## Source records
-- Opening Marker --
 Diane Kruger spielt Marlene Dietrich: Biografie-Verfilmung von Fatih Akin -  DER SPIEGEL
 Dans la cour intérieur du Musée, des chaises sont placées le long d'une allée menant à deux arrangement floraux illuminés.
-- Closing Marker --
-- Opening Marker --
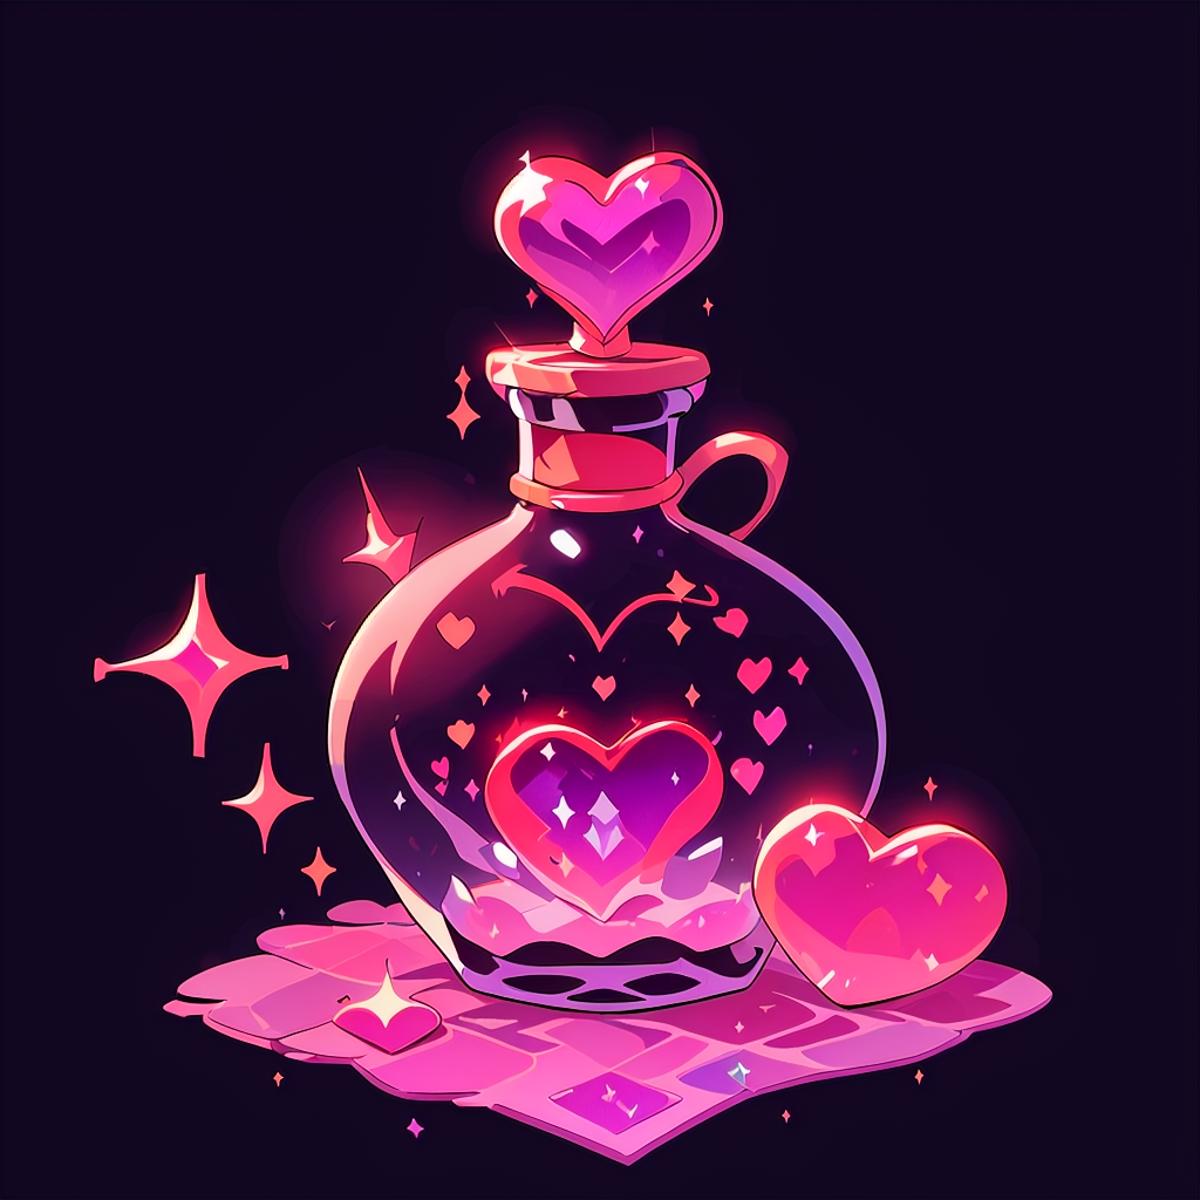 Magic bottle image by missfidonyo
-- Closing Marker --
-- Opening Marker --
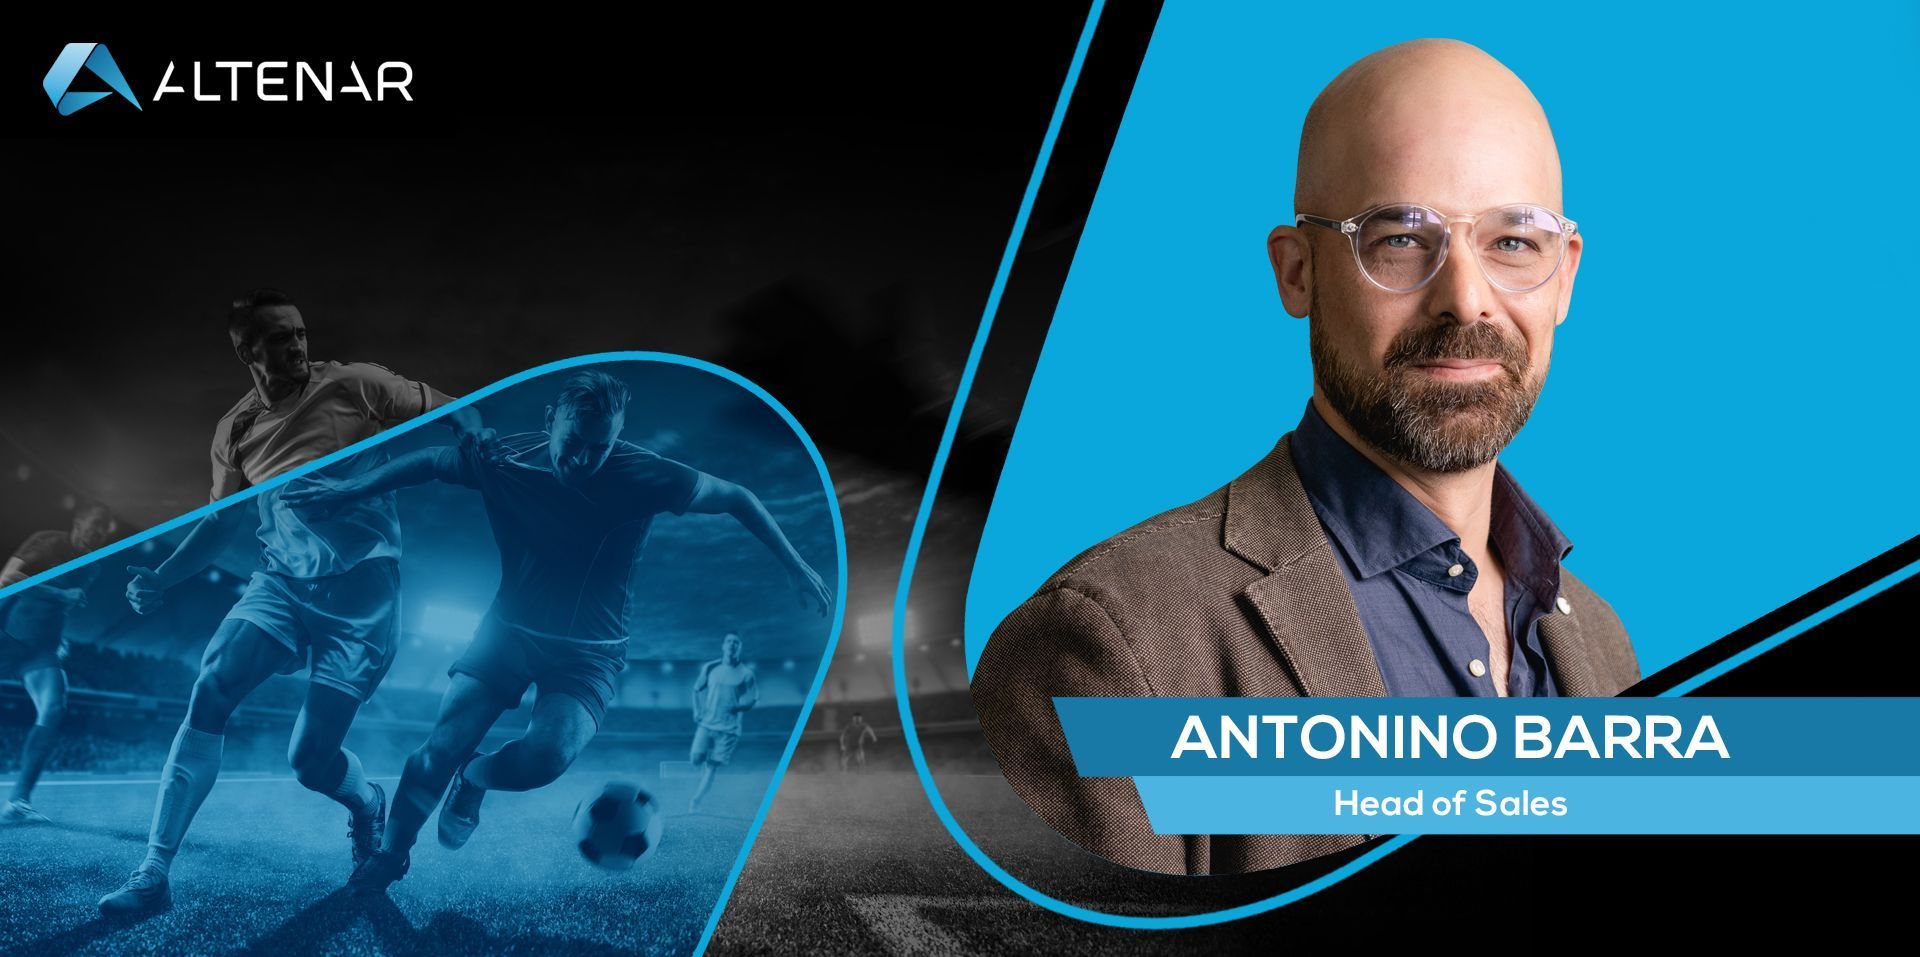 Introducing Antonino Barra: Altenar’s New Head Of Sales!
-- Closing Marker --
Every line from the line containing "Diane Kruger spielt" through the line containing "Dans la cour" in the records above must be retyped exactly. Leave out the rest.

## Reply
 Diane Kruger spielt Marlene Dietrich: Biografie-Verfilmung von Fatih Akin -  DER SPIEGEL
 Dans la cour intérieur du Musée, des chaises sont placées le long d'une allée menant à deux arrangement floraux illuminés.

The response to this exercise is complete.